O Cine Teatro Cuiabá está localizado na Avenida Presidente Getúlio Vargas, nº 247, Centro de Cuiabá. Acesse o site no link http://cineteatrocuiaba.org.br/.

Biblioteca Pública Estadual Estevão de Mendonça

Na segunda-feira (21.03), será aberta a Exposição Bibliográfica e Iconográfica da Biblioteca Pública Estadual Estevão de Mendonça, em comemoração aos 110 anos de fundação. A mostra comemorativa traz documentos, fotos e livros que contam a história da Biblioteca Estadual. Com acesso gratuito, o acervo fica exposto até o dia 1º de abril.

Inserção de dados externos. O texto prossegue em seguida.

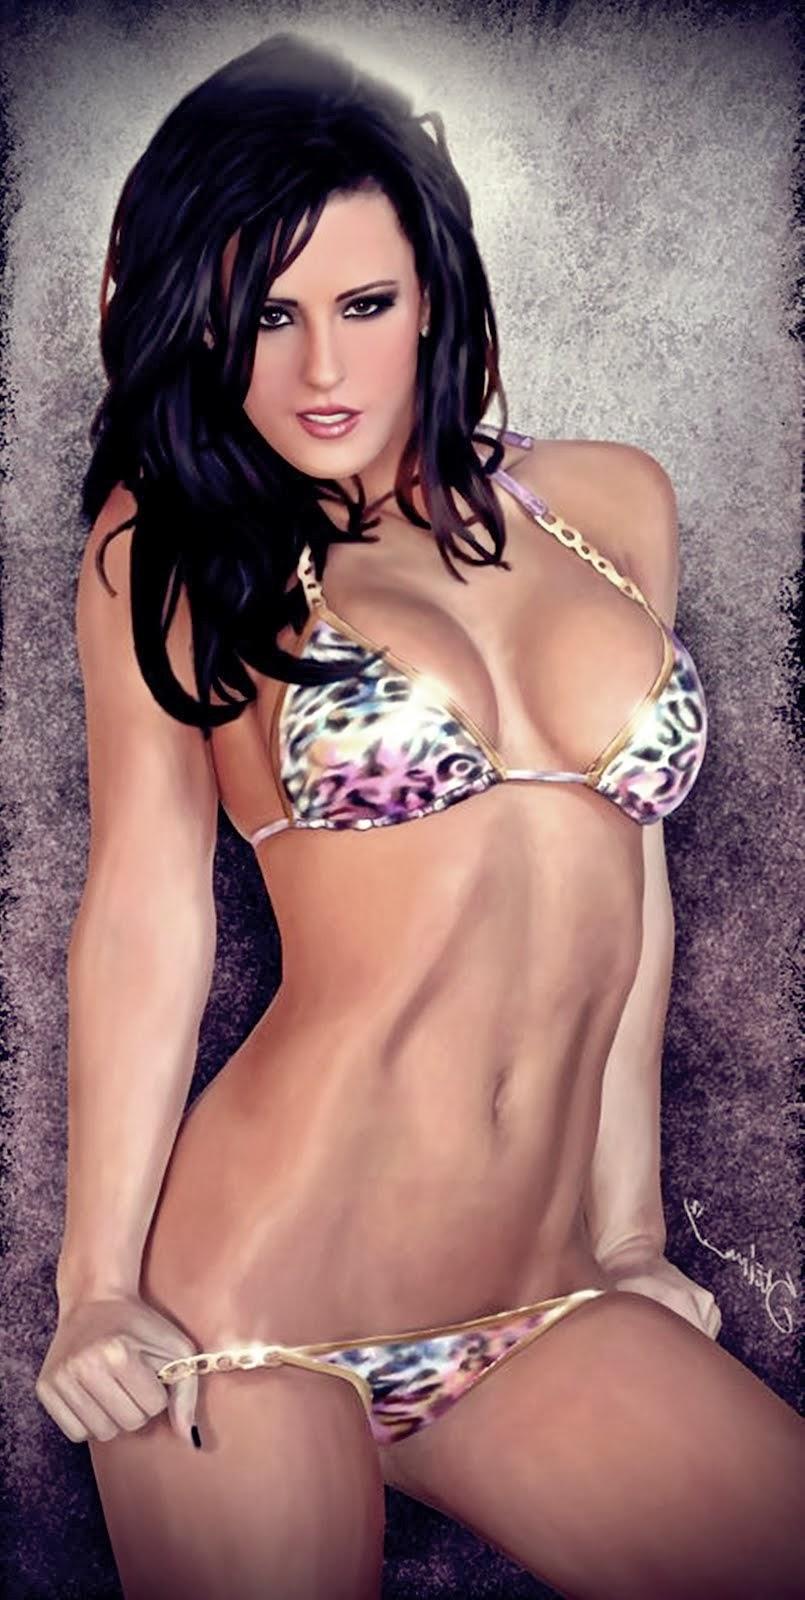 amie yancey hot nude

A Biblioteca Pública Estadual Estevão de Mendonça está localizada na rua Antônio Maria, 151, Centro de Cuiabá. O atendimento ao público é de segunda a sexta, das 8h às 18h. Informações pelo telefone (65) 3613-9240.

Museu de Arte Sacra de Mato Grosso

Além do acervo permanente que conta com artigos da antiga Catedral do Senhor Bom Jesus de Cuiabá, mobiliários, pinturas, vestuário litúrgico e objetos que pertenceram a Dom Aquino, vestimenta e objetos litúrgicos utilizados pelo Papa João Paulo II, durante sua visita a Cuiabá, o visitante pode conferir a exposição coletiva “Qual é a sua cruz?”, aberta para visitação no Museu de Arte Sacra de Mato Grosso.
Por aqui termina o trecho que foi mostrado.